HOŞ GELDİNİZ MELEKLER…


        Bebeklerim erken dünyaya geldi. 7 aylık doğdular. Hayallerimde çok farklı bir doğum öyküsü vardı. Bebeklerimin yanımda olduğu bir oda… Her yerde mis gibi bebek kokusu.. Ama benim bebeklerim kuvöze alındı. Diğer odalarda ise bebekleri yanlarında, ziyaretçilerini kabul eden diğer çiçeği burnunda anneler-babalar…  Bense kamerada  tanıştım ilk kez bebeklerimle… 2  gün sonra bebeklerimi yoğun bakımda bırakarak, kollarım boş ağlamaklı çıktım hastaneden.  Bekledim… Her gün babalarının kameraya çektiği görüntüleri izleyerek onlar için süt sağdım. Babaları her gün hastanenin yoğun bakımına taşıdı onlara sütlerini… Onları görmek için hastaneye gittiğimde çok miniklerdi. 1.5 kilo kadar… Elime vermediler. Sadece camdan bakabildim…  Durumları iyi dedi doktorlar. Solunum problemi yok. Yalnızca çok küçükler, beslemek çok zor. 2 kiloya ulaştıklarında size vereceğiz dediler. Bebeklerime ulaşmam 15 günü aldı.. 15 gün sonra evde bir bayram sevinci… Çok mutluyuz… Sağlıklılar… Bütün kontrollerden geçiyoruz. Her şey normal gözüküyor. Biz tam bir aile olduk artık…

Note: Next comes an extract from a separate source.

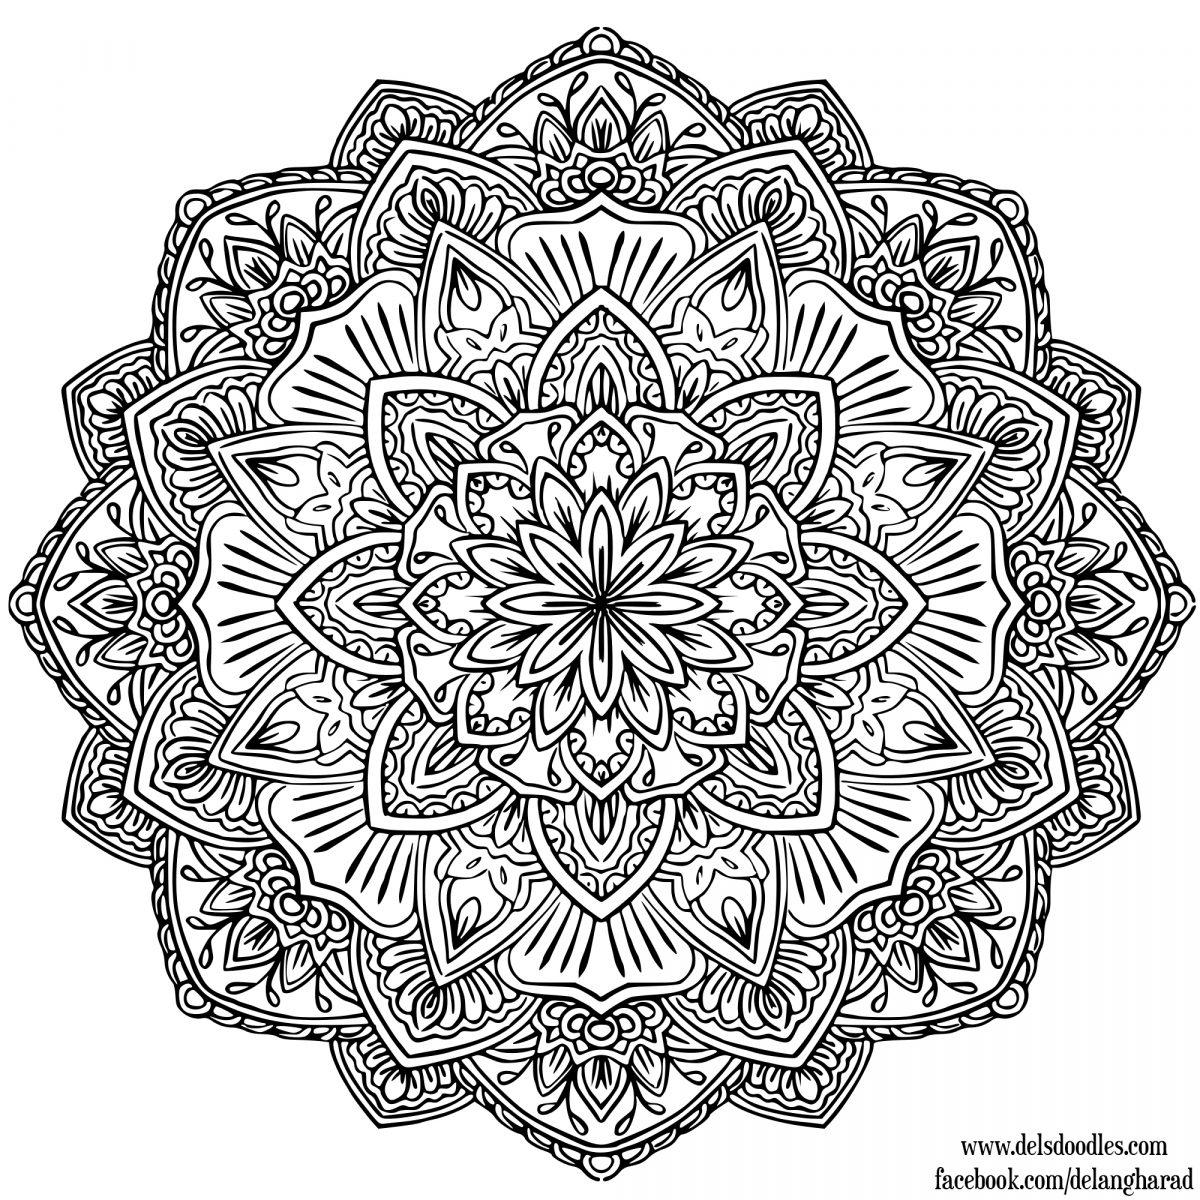 Mandala Facile A Dessiner - GreatestColoringBook.com

      Bu mutluluk 6 ay sürdü… 6 aylıkken hayatımızın dönüm noktası olacak olay başladı…

5 Mayıs 2012 Cumartesi

BAŞLANGIÇ NOKTASI - 05 Mayıs 2012

        Başlamak… Bazen umut verir. Bazen korku… Ama karışık bir heyecan çoğunlukla … Bir şeyler yazmaya başlamak için erken olduğunu düşündüğüm zamanlardandı yine. Önce hikayemi yaşamalı sonra yazmalıydım. Ama sonra bir şey oldu. İçimden bir ses neden bekliyorsun dedi. Bak çevrende gelişen olaylar sana bir işaret gönderiyor yazmalısın. Ne bekliyorsun?


       Evet yazmalıyım… Çünkü hayatımın rastlantı mı yoksa bir kader mi olduğunu sorgularken ve hikayemi yaşarken bu durumu en iyi şu an anlatabileceğimi düşündüm. YAŞARKEN…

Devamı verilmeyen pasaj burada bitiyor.